Our previous column emphasized that a smaller economy combined with a growing population will be unambiguously negative for the province’s prosperity. Using reasonable population projections consistent with historic patterns and the government’s economic modelling results, we calculated that by 2030 real per capita income (GDP) falls back to levels circa 2013. This is a setback that is difficult to contemplate; it is also unlike anything we have observed in decades of tracking public policy in Canada – a government advancing a policy agenda that will shrink the economy and make average citizens worse off. Any erosion of per capita GDP is worrisome because it means less private sector investment, declining household incomes and fewer job opportunities – with disproportionate impacts on younger age cohorts and in resource-based regional economies.

The modelling results also show that the anticipated fallout is economy wide. Of the 24 sectors reported in the modelling, income (GDP) is lower in all but the electricity generation and distribution sector in 2030 under the CleanBC scenario. Resource-related sectors are hardest hit. Heavy industry (which includes mining, metals, pulp and paper) is projected to be almost 20 per cent smaller in 2030, thanks to CleanBC. Light industry (which includes light manufacturing, construction and forestry) is estimated to be 14 percent smaller compared to the reference scenario.

The CleanBC plan is about to become a strong headwind to economic growth over the rest of the decade. The economy-wide growth slowdown that the modelling captures is key to the government being able to deliver on its aggressive short-term greenhouse gas (GHG) emissions targets.

Proceeding with the CleanBC Roadmap as currently envisioned will bring annual real GDP growth to a crawl and push the economy into a long period of recession-like conditions. The growth downshift means British Columbians will be confronted with declining real incomes while government struggles to deliver better services and address an increasingly complex array of real-world challenges as available revenues dwindle in per capita terms. To us, the government’s CleanBC Roadmap to 2030 sits awkwardly with its other priority commitments to improve affordability and boost job opportunities, incomes and overall well-being for households.

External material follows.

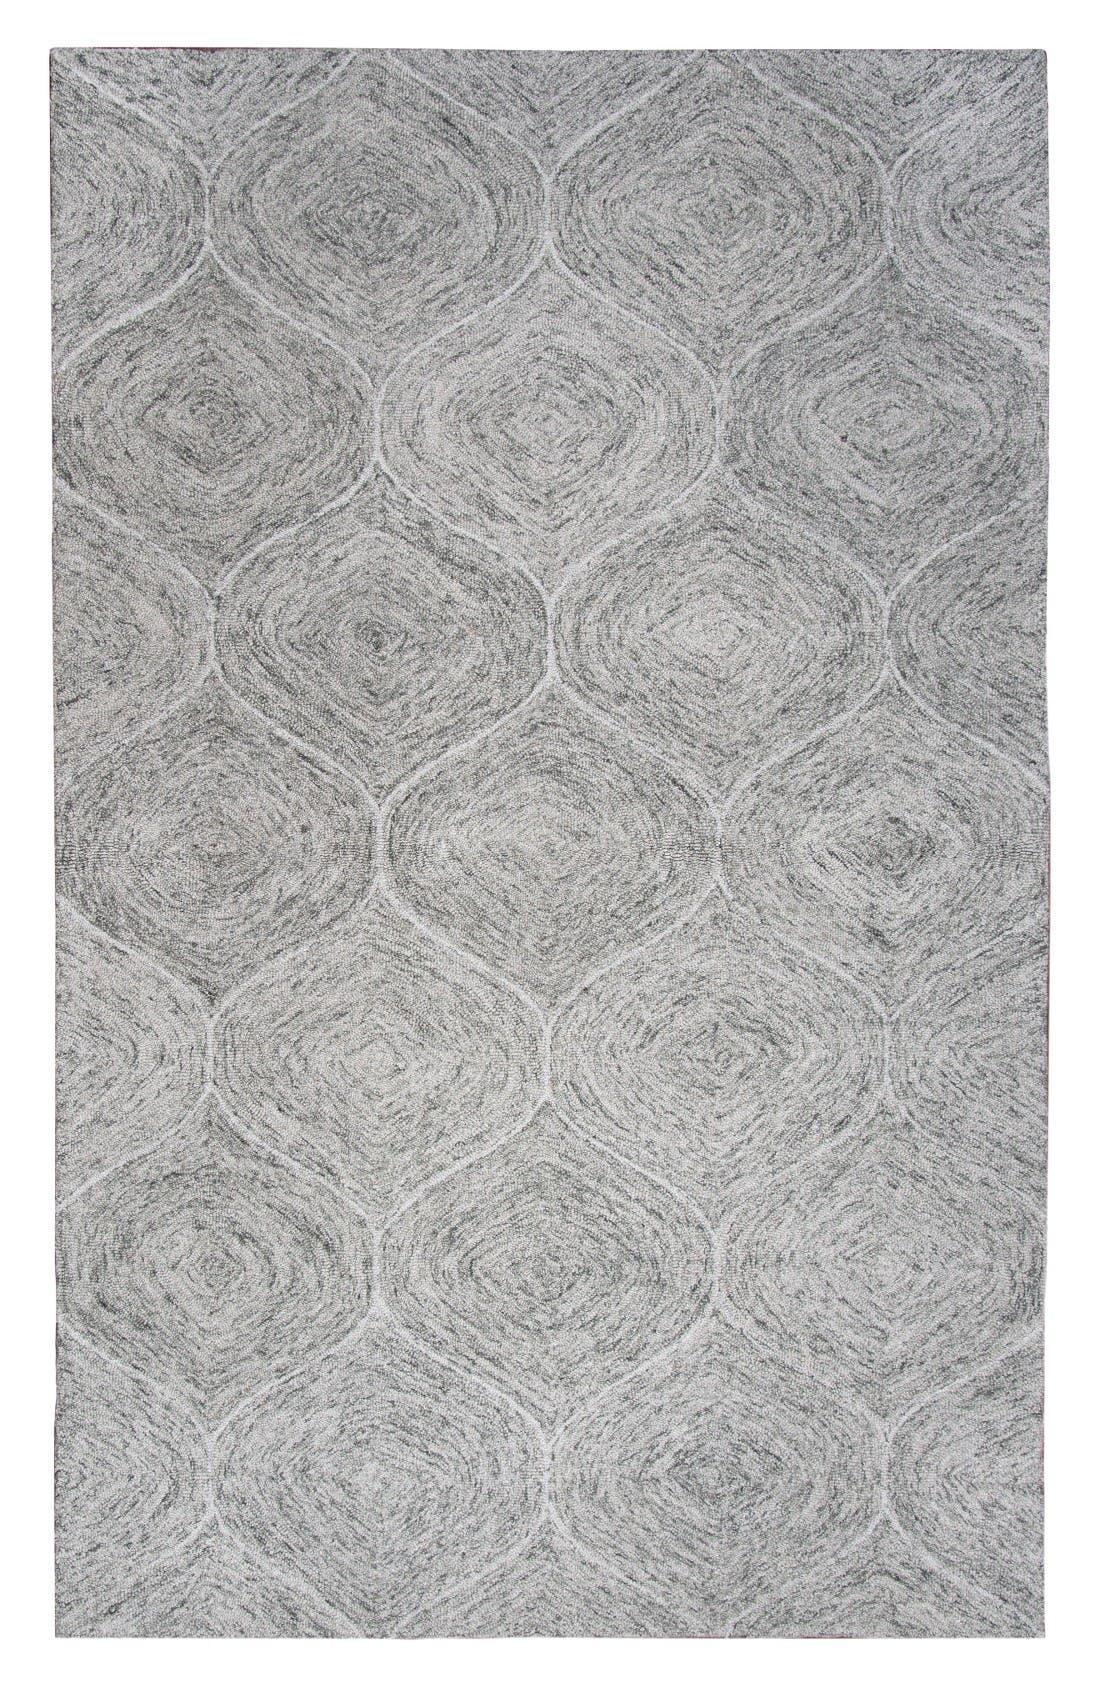 Irregular Diamond Hand Tufted Wool Area Rug,                             Main thumbnail 1, color,                             Grey

In our judgement, the main reason the CleanBC Roadmap is so damaging to economic growth is because of the short timeline set for achieving the 2030 GHG emission reduction target of 40 per cent below the 2007 level. The truth is that B.C.’s emissions have hardly budged since 2007, even with North America’s highest carbon tax on the books.

We believe the near-term emission targets and the associated policy agenda should be recalibrated, while retaining the more important net-zero 2050 goal. More realistic timelines will allow for new technologies to develop and be widely adopted. They will also enable B.C. businesses to invest on timelines that align better with planned upgrades of depreciated capital assets, available technologies and market conditions.

Other elements of the CleanBC plan, such as the level and timing of hard emission caps imposed on various industries, should also be re-tooled, with a greater emphasis on minimizing economic fallout in the near-term while still retaining the 2050 targets. Impacts on jobs, incomes, household budgets, First Nations economic development and the health of regional economies should be paramount considerations as the government works to find a new and more reasonable path on the longer road to 2050.

Jock Finlayson is the Business Council of British Columbia’s senior adviser; Ken Peacock is the council’s senior vice-president and chief economist.